You can change the `prompt` string and the `max_new_tokens` argument to explore the model's behavior after training.

In [None]:
@torch.no_grad()
def sample(model, tokenizer, prompt: str, cfg: Config, max_new_tokens: int = 50):
    model.eval()
    device = cfg.device
    encoded = tokenizer(prompt, return_tensors="pt")
    x = encoded["input_ids"].to(device)

    for _ in range(max_new_tokens):
        if x.size(1) > cfg.max_seq_len:
            x_cond = x[:, -cfg.max_seq_len:]
        else:
            x_cond = x

        logits = model(x_cond)
        logits = logits[:, -1, :] / cfg.temperature

        # Base probabilities
        probs = F.softmax(logits, dim=-1)

        # Top-k filtering
        if cfg.top_k > 0:
            v, ix = torch.topk(probs, cfg.top_k, dim=-1)
            probs_zero = torch.zeros_like(probs).scatter_(-1, ix, v)
            probs = probs_zero / probs_zero.sum(dim=-1, keepdim=True)

        # Top-p (nucleus) filtering
        if cfg.top_p < 1.0:
            sorted_probs, sorted_indices = torch.sort(probs, descending=True, dim=-1)
            cumulative_probs = torch.cumsum(sorted_probs, dim=-1)
            mask = cumulative_probs > cfg.top_p
            mask[..., 1:] = mask[..., :-1].clone()
            mask[..., 0] = False
            sorted_probs[mask] = 0.0
            sorted_probs = sorted_probs / sorted_probs.sum(dim=-1, keepdim=True)
            probs_zero = torch.zeros_like(probs).scatter_(-1, sorted_indices, sorted_probs)
            probs = probs_zero

        next_token = torch.multinomial(probs, num_samples=1)
        x = torch.cat([x, next_token], dim=1)

    return tokenizer.decode(x[0].tolist(), skip_special_tokens=True)


prompt = "Nested learning suggests"
generated = sample(model, tokenizer, prompt, cfg, max_new_tokens=100)
print(generated)

## 8. How to adapt this notebook to **your** dataset

You mostly only need to touch the `Config` cell at the top.

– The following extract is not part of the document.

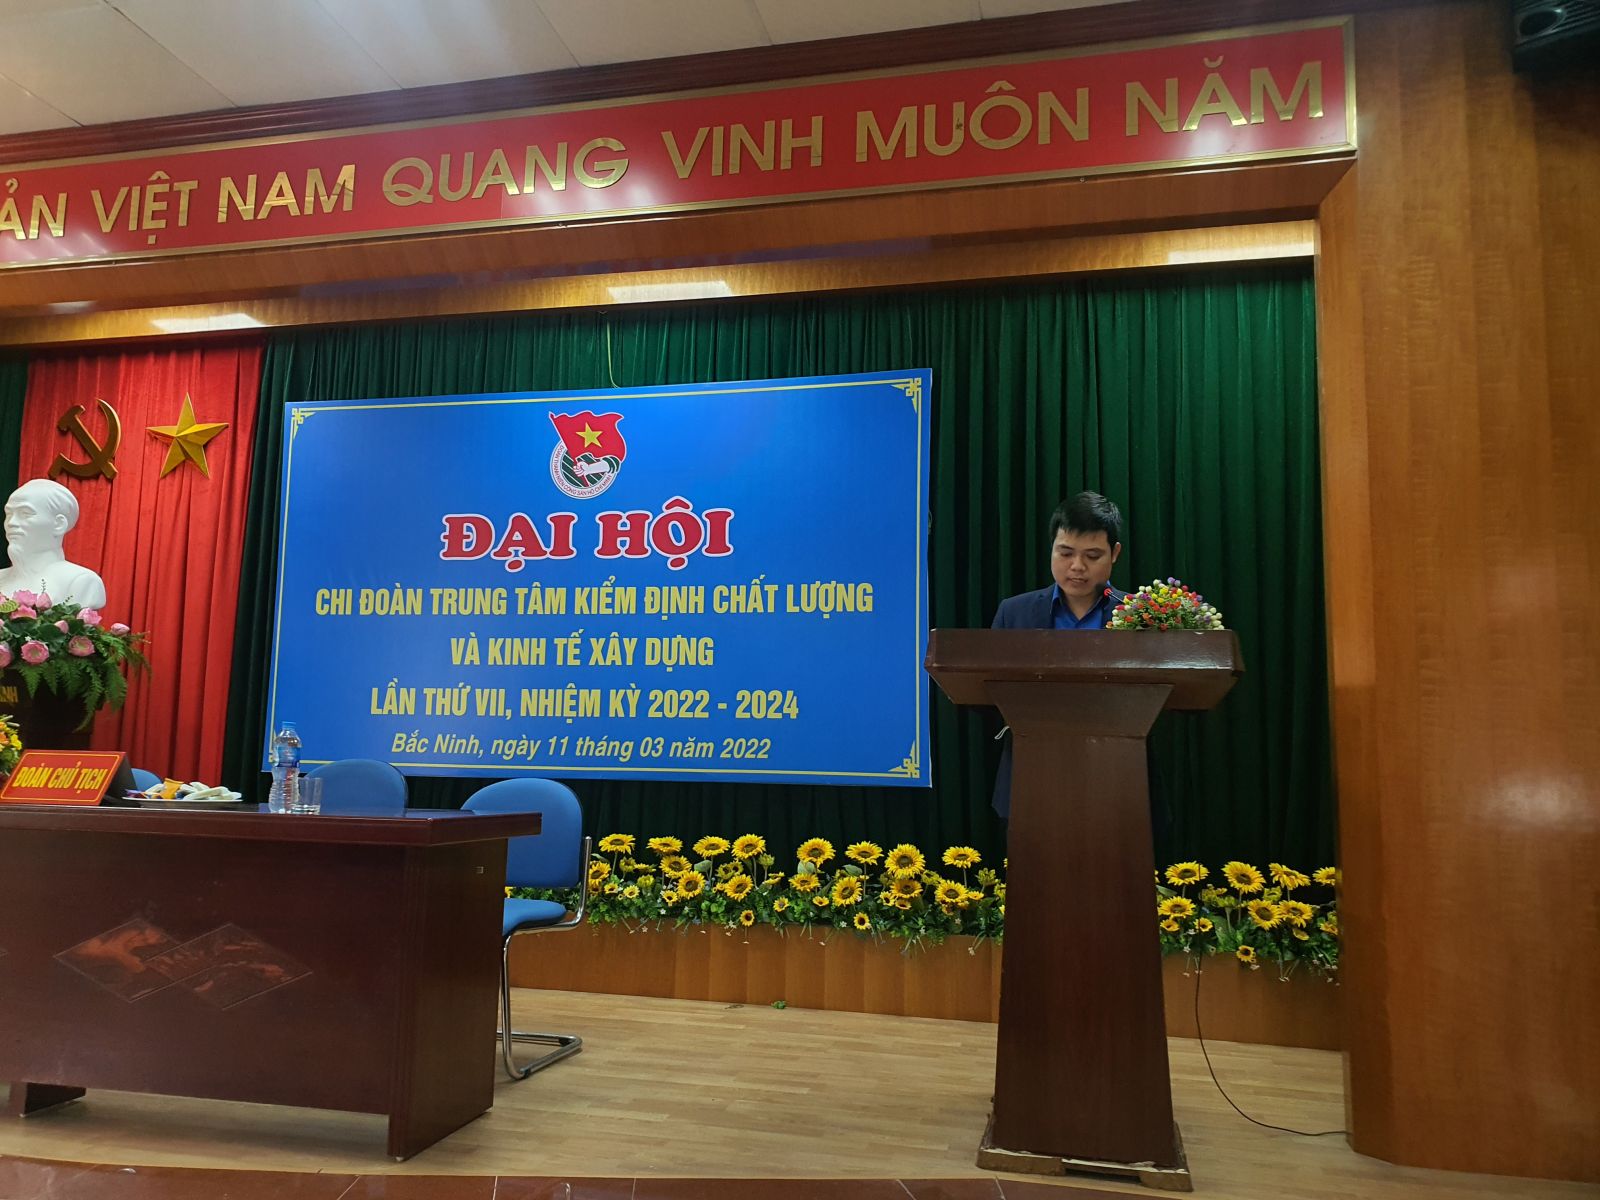 Đồng chí Trịnh Đình Chung – Bí thư Chi đoàn phát biểu tại Đại hộ Đoàn thanh niên Chi đoàn Trung tâm khóa VII

### A. Using a different Hugging Face dataset

1. Go to [https://huggingface.co/datasets](https://huggingface.co/datasets) and pick a dataset.
2. Note its `dataset_name`, optional `dataset_config`, and the column name that holds text.
3. In the `Config` class, change:
   - `dataset_name` (e.g. `"imdb"`),
   - `dataset_config` (e.g. `"plain_text"` or `""`),
   - `text_field` (e.g. `"text"`, `"content"`, `"review"`).
4. Re-run the notebook from **top to bottom**.

Examples:

- **IMDB reviews**
  ```python
  dataset_name = "imdb"
  dataset_config = "plain_text"
  text_field = "text"
  ```

- **AG News**
  ```python
  dataset_name = "ag_news"
  dataset_config = ""
  text_field = "text"
  ```

If you hit out-of-memory issues, try:
- Reducing `d_model`, `cms_dffs`, or `n_layers`.
- Reducing `batch_size`.
- Reducing `max_seq_len` / `block_size`.

### B. Using your own local/raw text

A simple route is:

1. Prepare one or more `.txt` files and upload them to Colab (e.g. via the file browser).
2. Instead of using a HF dataset, you can build your own `raw_datasets` dictionary using `datasets.load_dataset("text", data_files=...)` in the dataset cell.
3. Make sure you adapt `text_field` and the tokenization step accordingly.

Once your text is exposed as a list of strings, you can **reuse the same LMDataset + training + sampling code** without any further changes.